Bu maç ders olmalı

İsmine yakışan bir mücadele ile Süper Final, Şükrü Saracoğlu’nda başladı. Fenerbahçe ve Trabzonsporlu oyuncular futbolun her türlü pozisyonunu ortaya koyup kazanmak adına müthiş mücadele ettiler. Fener’in golünü attığı 36. dakikaya kadar daha çok şut çeken, daha etkili pozisyona giren taraf Trabzon oldu.

Dakikalar ilerledikçe bordo-mavili ileri uç elemanlarının topu saklayamayan, taşıyamayan hatta ligin gol kralı olan Burak’ın topa ayağını bile süremediği görüldü. Tabi Trabzon cephesinde bunlar olurken, Fenerbahçe daha akıllı ve basit ataklar yapmaya başladı. Doğal olarak da etkili oynamaya başladı. 36’da Cristian’ın uzaktan şutunda Tolga topu görmemesinin ve hatalı yer tutmasının cezasını çekti ve Trabzon’un mağlup duruma düşmesini engelleyemedi.
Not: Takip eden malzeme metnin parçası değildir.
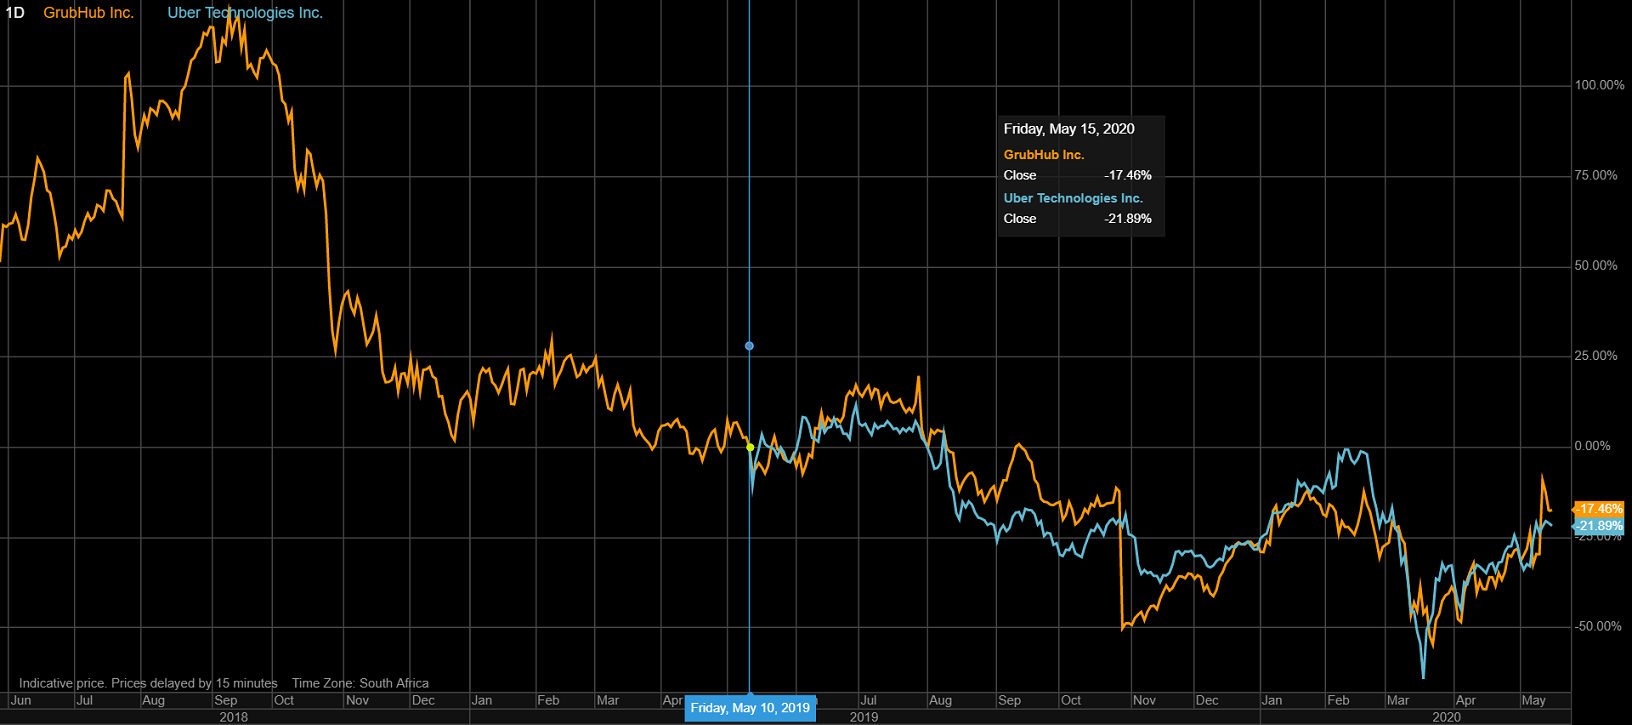 Uber (NYSE:UBER) stock performance vs GrubHub (NYSE: GRUB) stock price performance since Uber's listing date
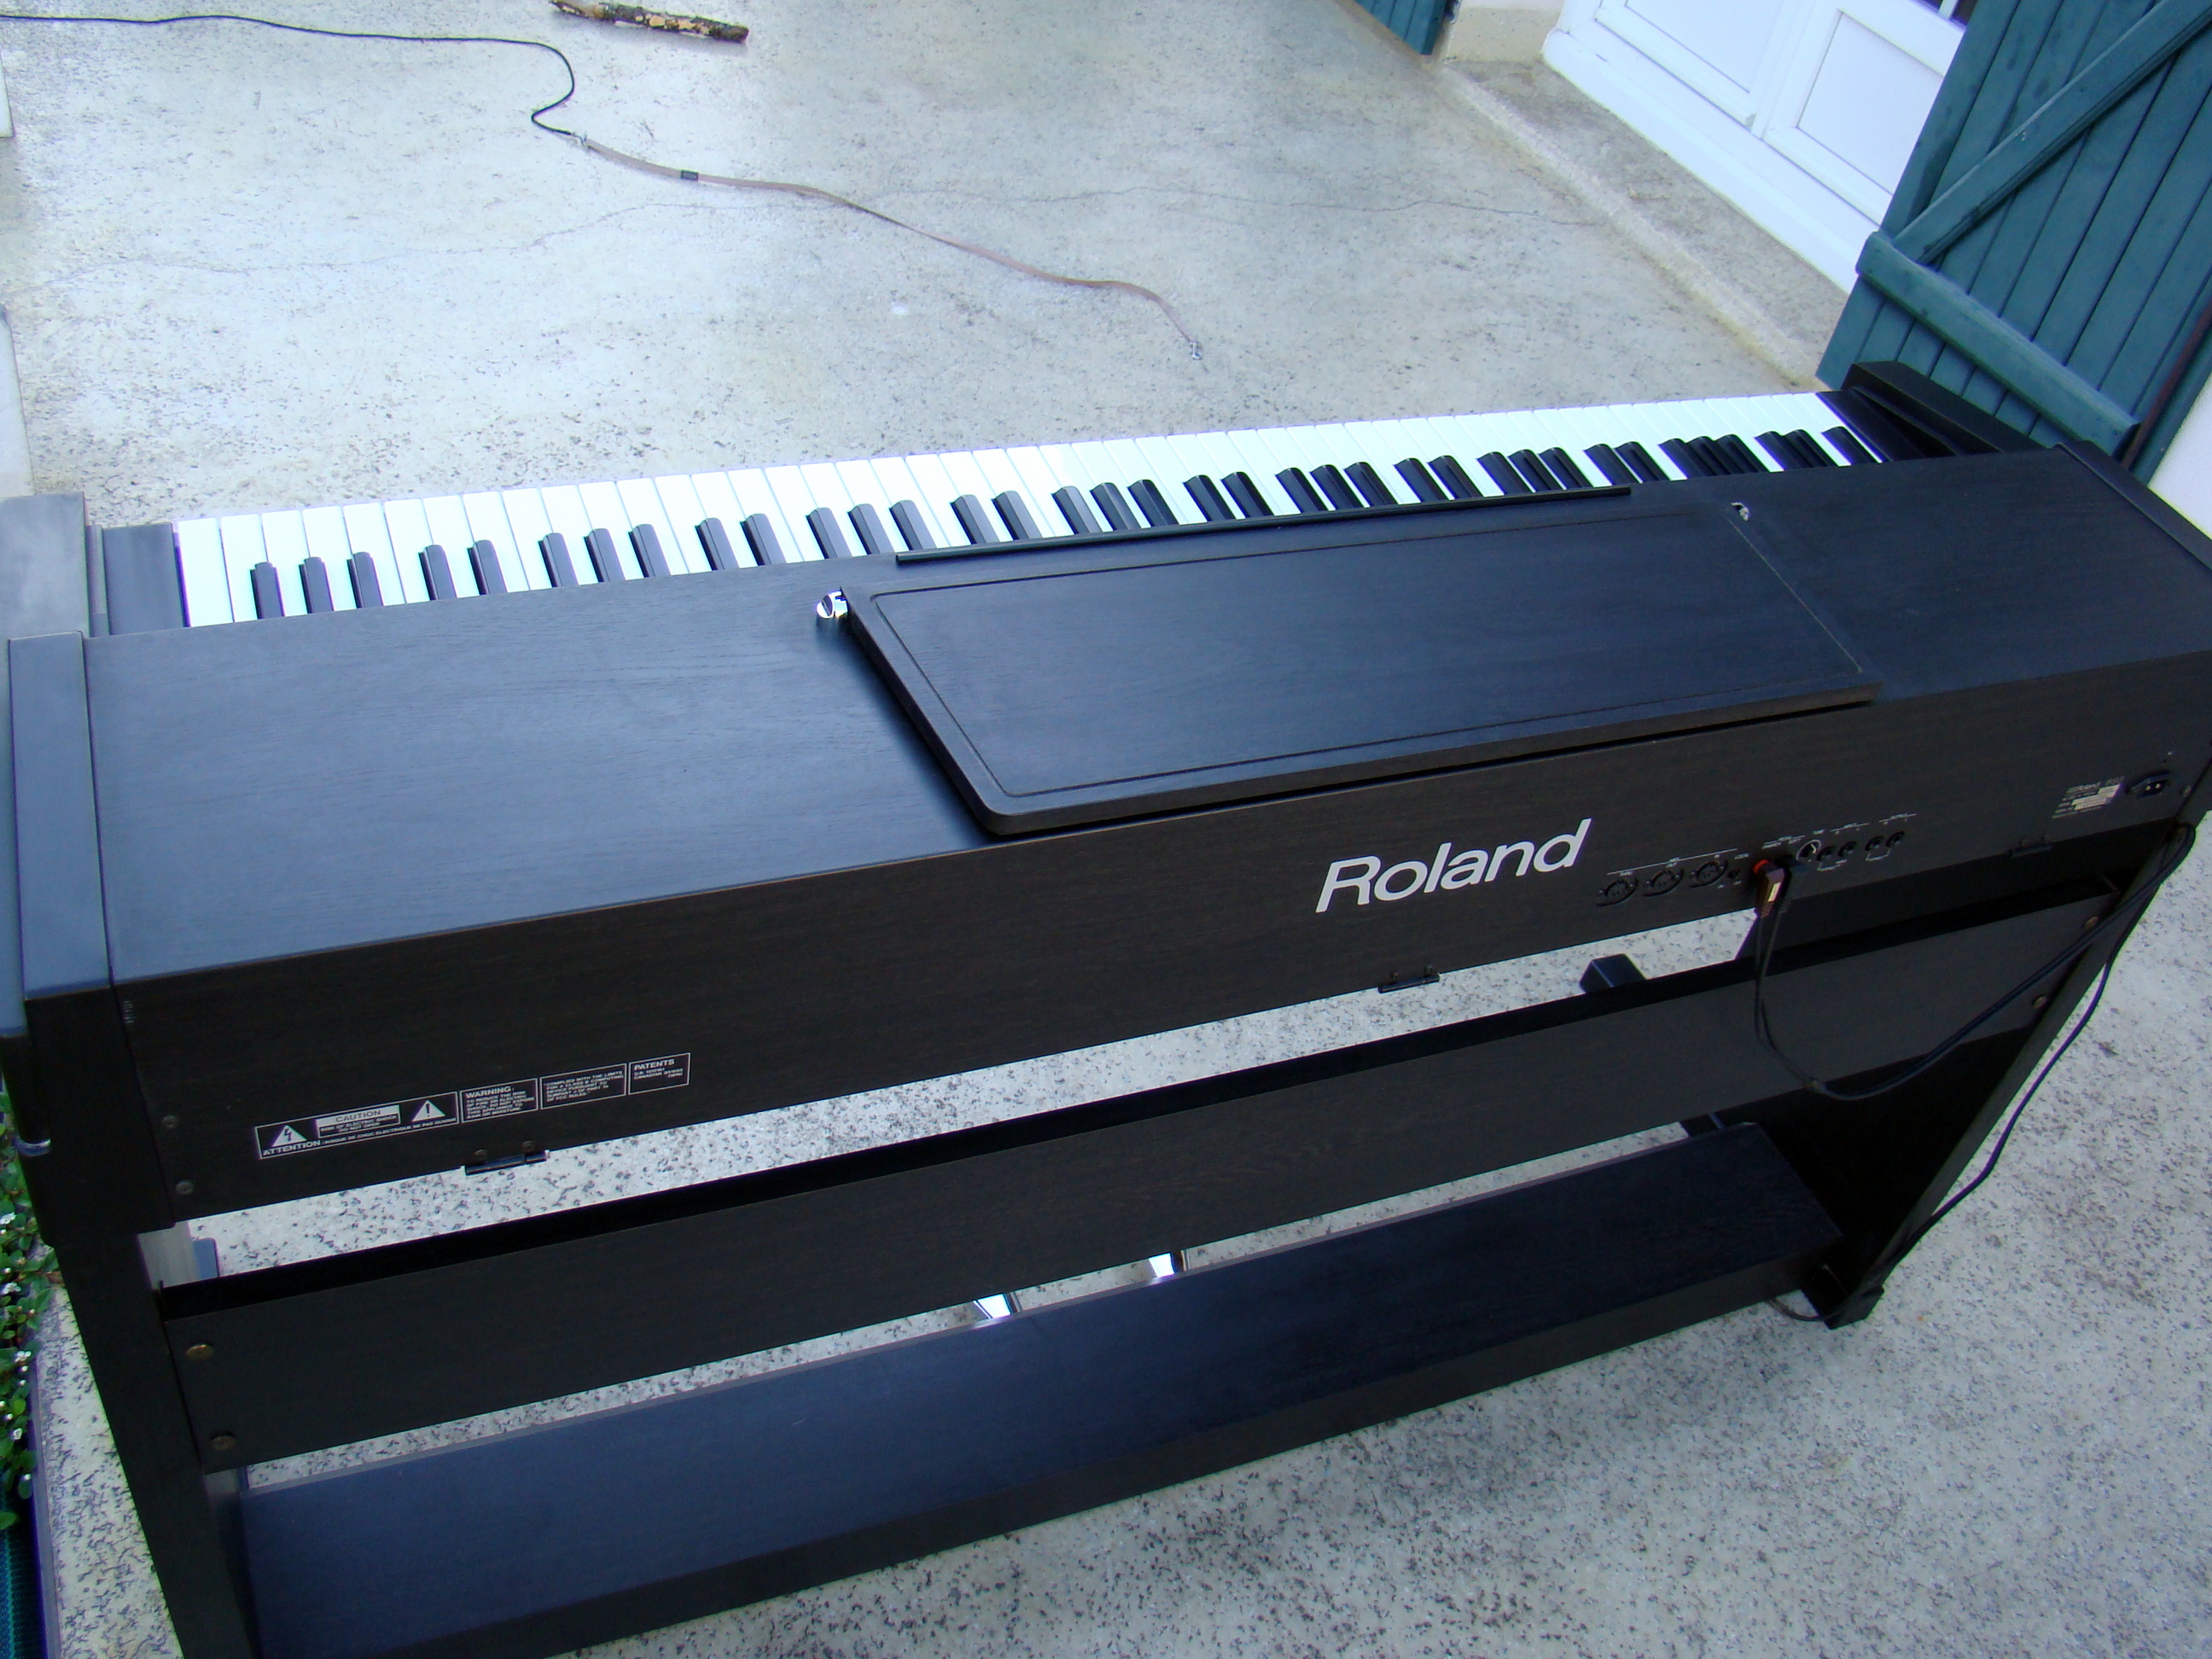 HP1700 - Roland HP1700 - Audiofanzine

Fenerbahçe galip duruma geçmenin morali, Trabzon da pozisyonsuz bir gol yemenin şaşkınlığı ile ilk yarıda mücadele etmeye devam etti. Bence Trabzonlu futbolcular ilk yarıda emeklerinin karşılığını skor olarak alamadan soyunma odasına gitti.

İkinci yarı mücadelenin kaldığı yerden başladığı bir mac oldu. Ama eksik olan, Trabzonspor ileri uç elamanlarının, orta saha ve savunma arkadaşlarına hiçbir katkıda bulunmadığı idi. Bazen ileride pozisyon bulamazsan da rakip savunmayı rahat çıkartmayarak takımına katkıda bulunursun. Maalesef Trabzonspor’un hücum elemanları uzun süre takımına hiçbir katkıda bulunmadılar. Cristian, attığı golün dısında asist yaparak Fenerbahçe’yi 2-0 öne geçiren pası verdi. Aslında yenilen goller ve iyi oynamaya rağmen alınan skor Trabzonspor’a ders olmalı.

Trabzon sezon basında savunma kurgusunda hata yapmıştır ve bu sezon bunun cezasını ağır sekilde çekmiş ve çekmeye devam ediyor. Savunması göbekte ağır. Araya atılan her top gol pozisyonu oluyor. Kenar oyuncular ise maalesef kademe hatası yapmaktan taraftarı yordu. Netice olarak Trabzon hücum futbolcularının kaybolduğu maçta canlıymış gibi gözüküp çok pozisyon hatası yaptı. Fenerbahçe ise daha organize idi.